◆ Task instructions: All of the lines below need to be copied exactly, apart from the pictures.

◆ Source material:
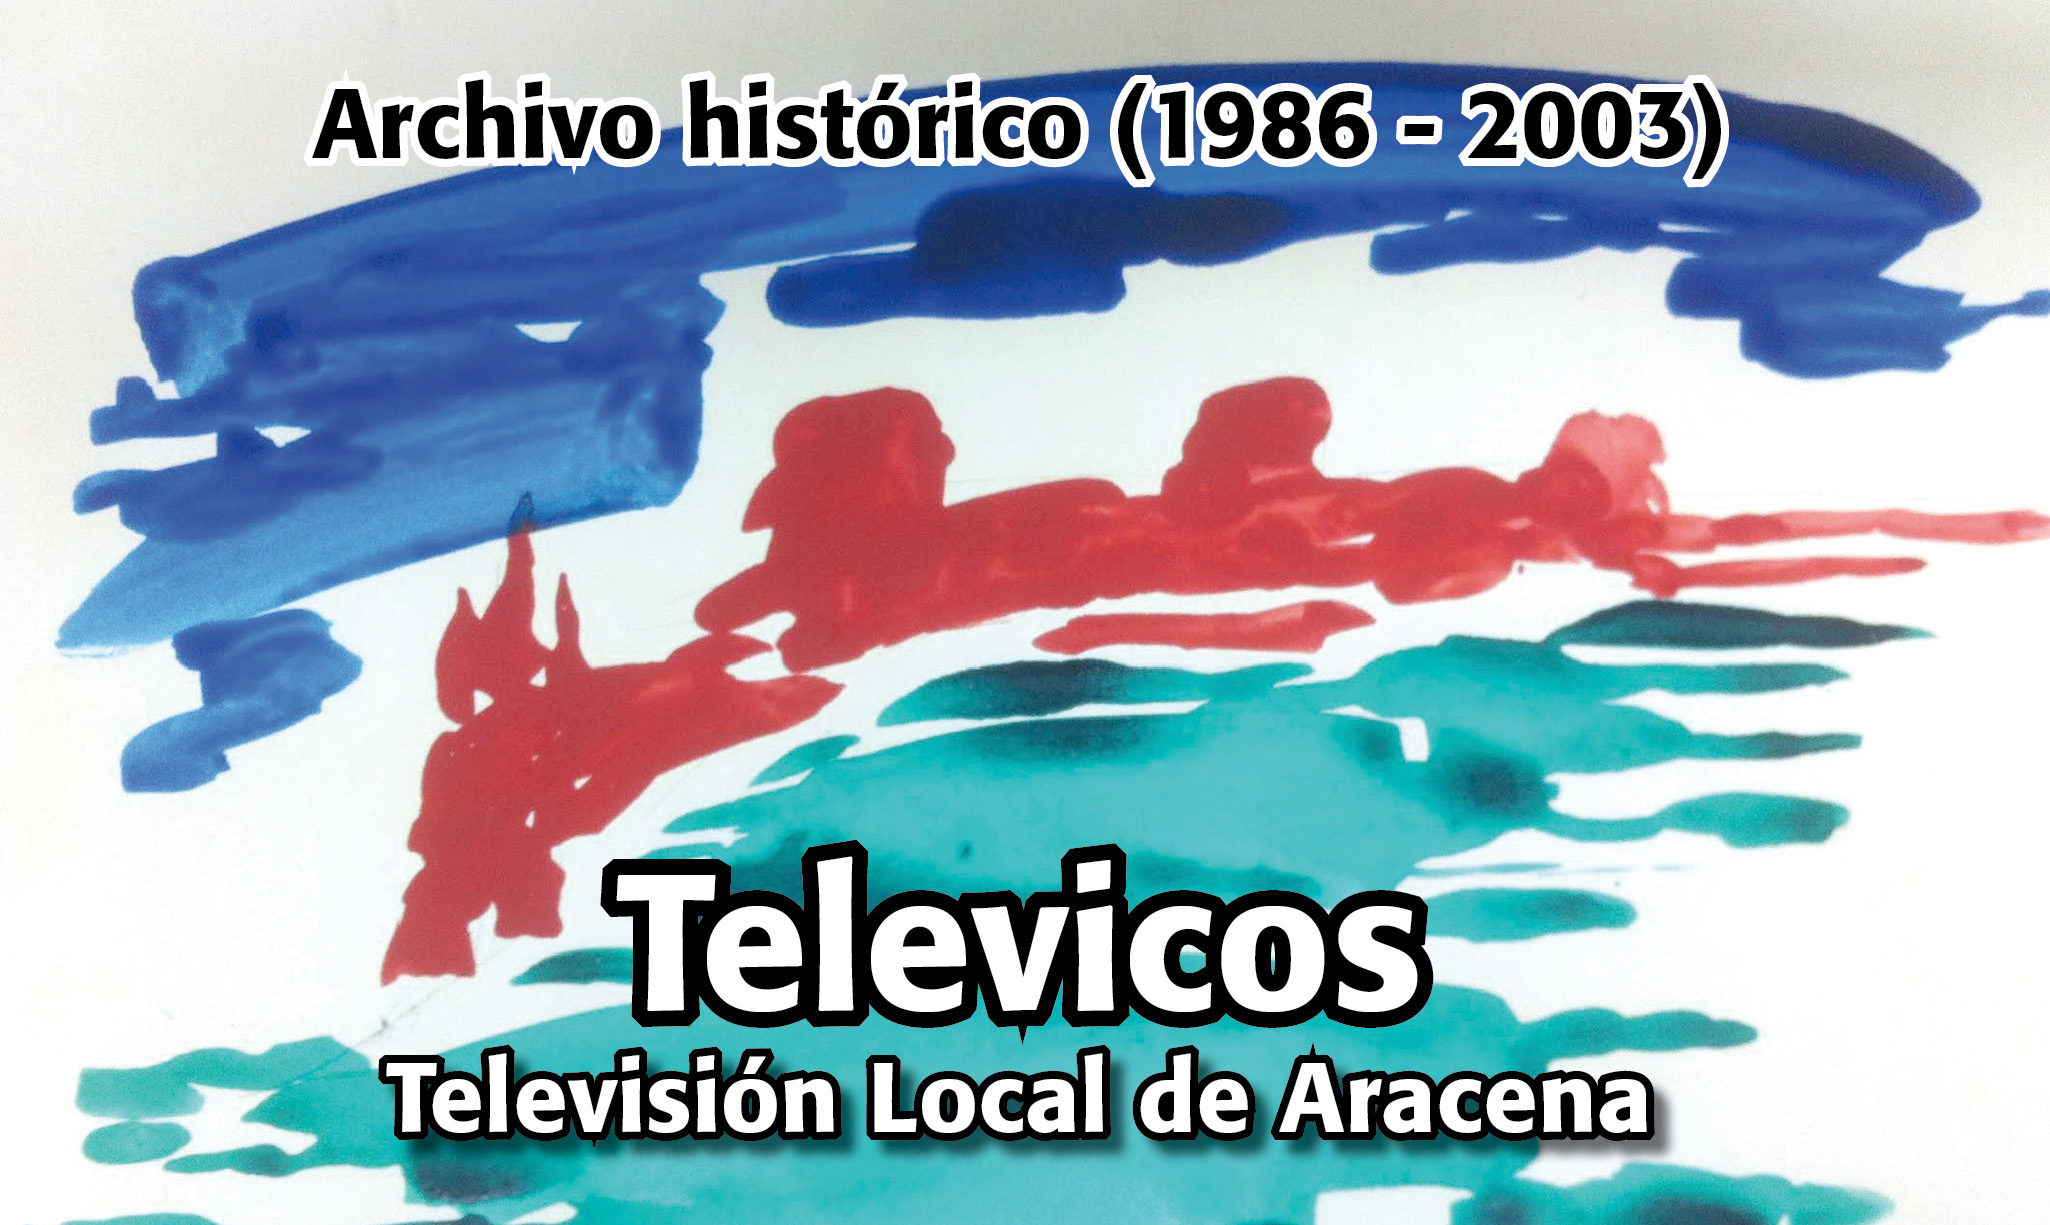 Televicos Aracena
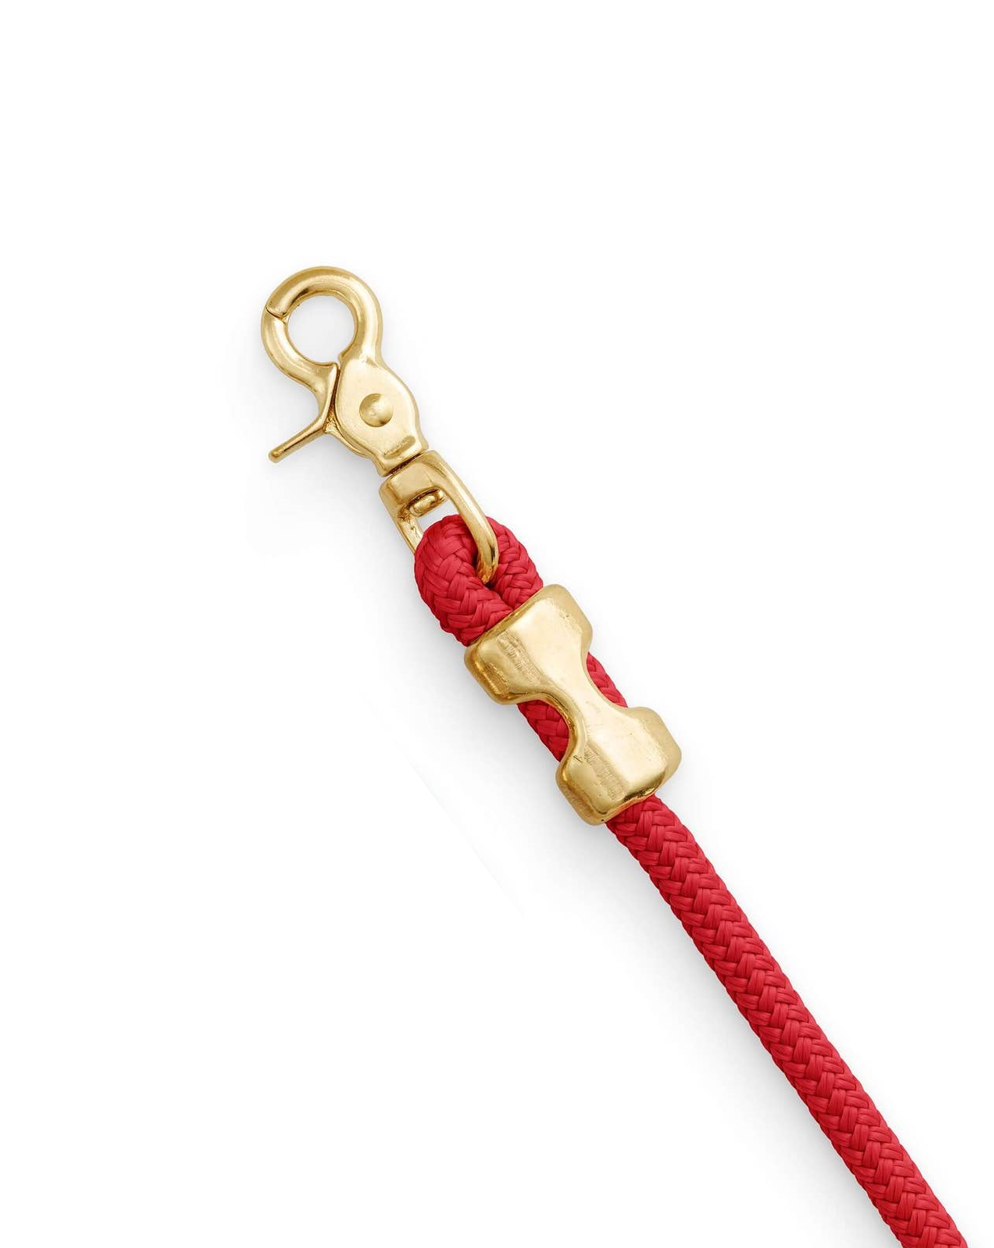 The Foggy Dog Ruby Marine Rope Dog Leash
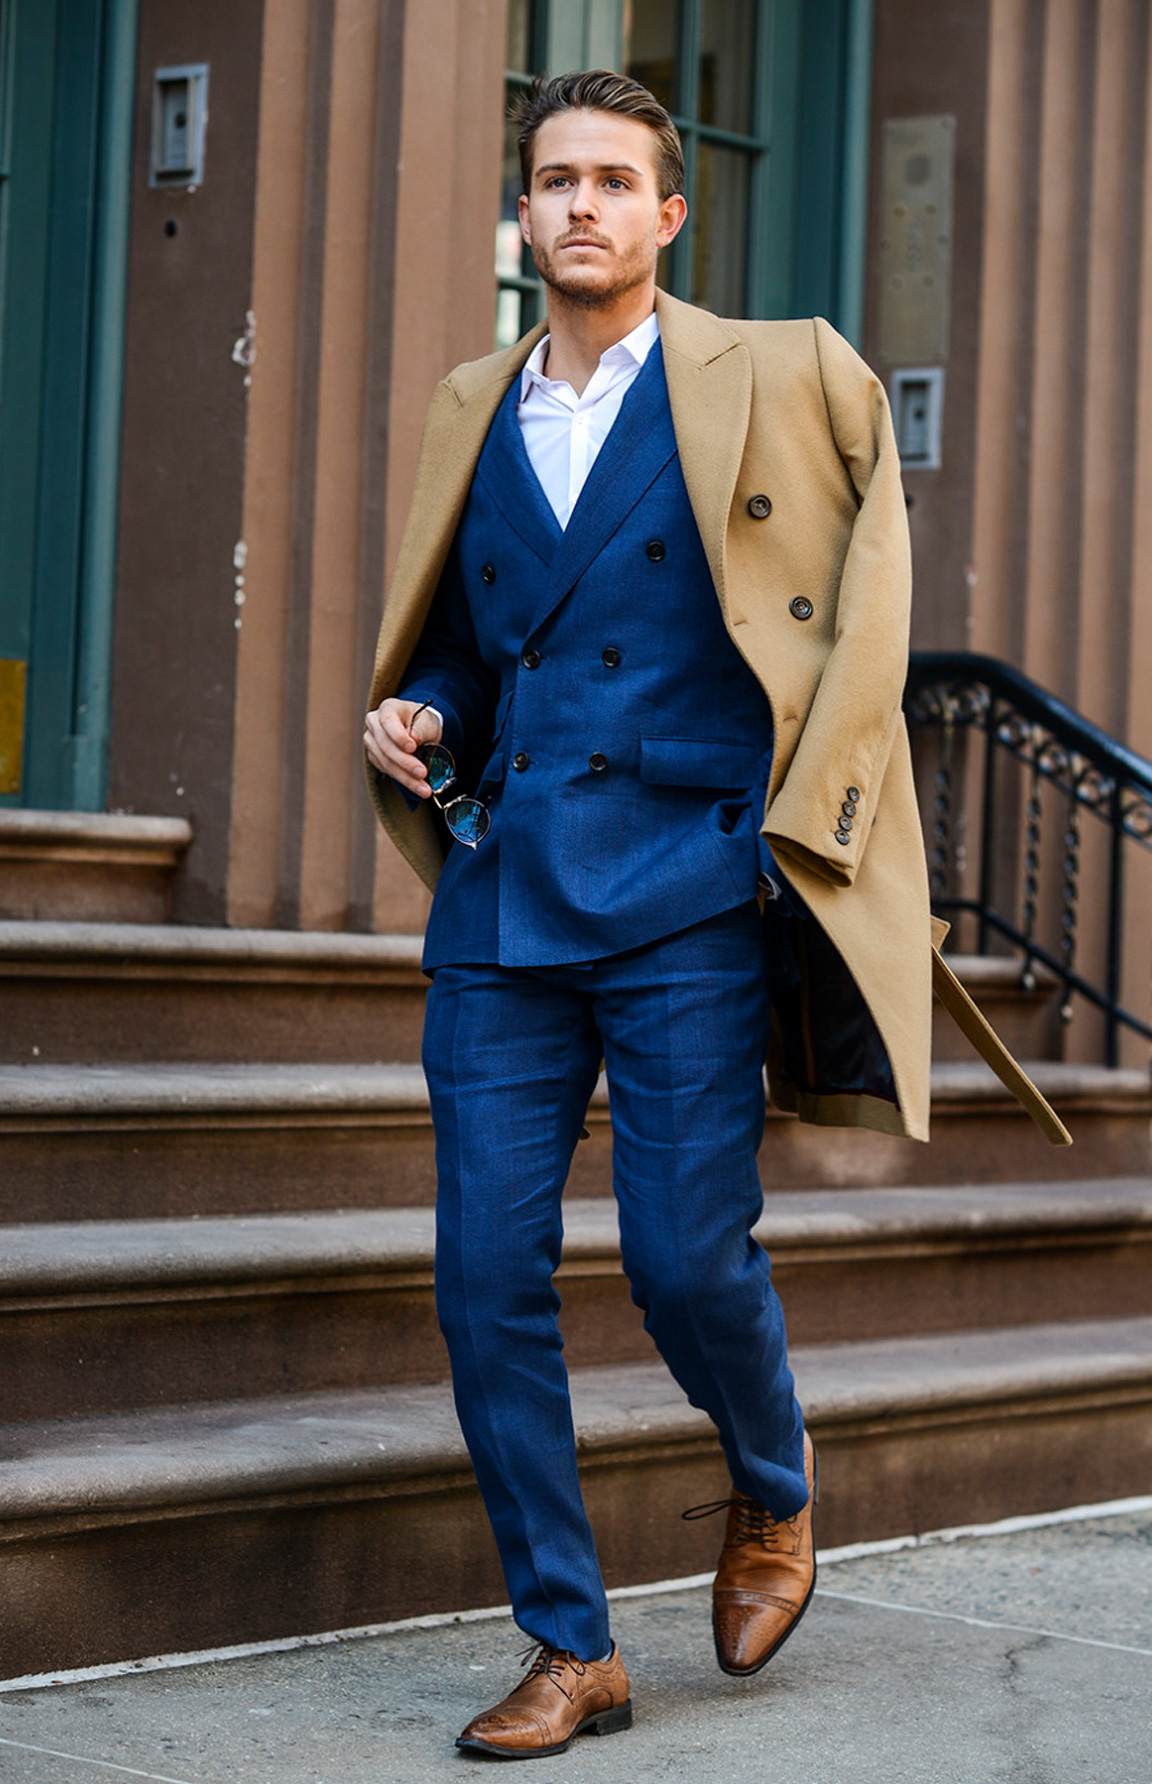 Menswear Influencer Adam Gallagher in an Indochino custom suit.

◆ Output of the exercise:
 Televicos Aracena
 The Foggy Dog Ruby Marine Rope Dog Leash
 Menswear Influencer Adam Gallagher in an Indochino custom suit.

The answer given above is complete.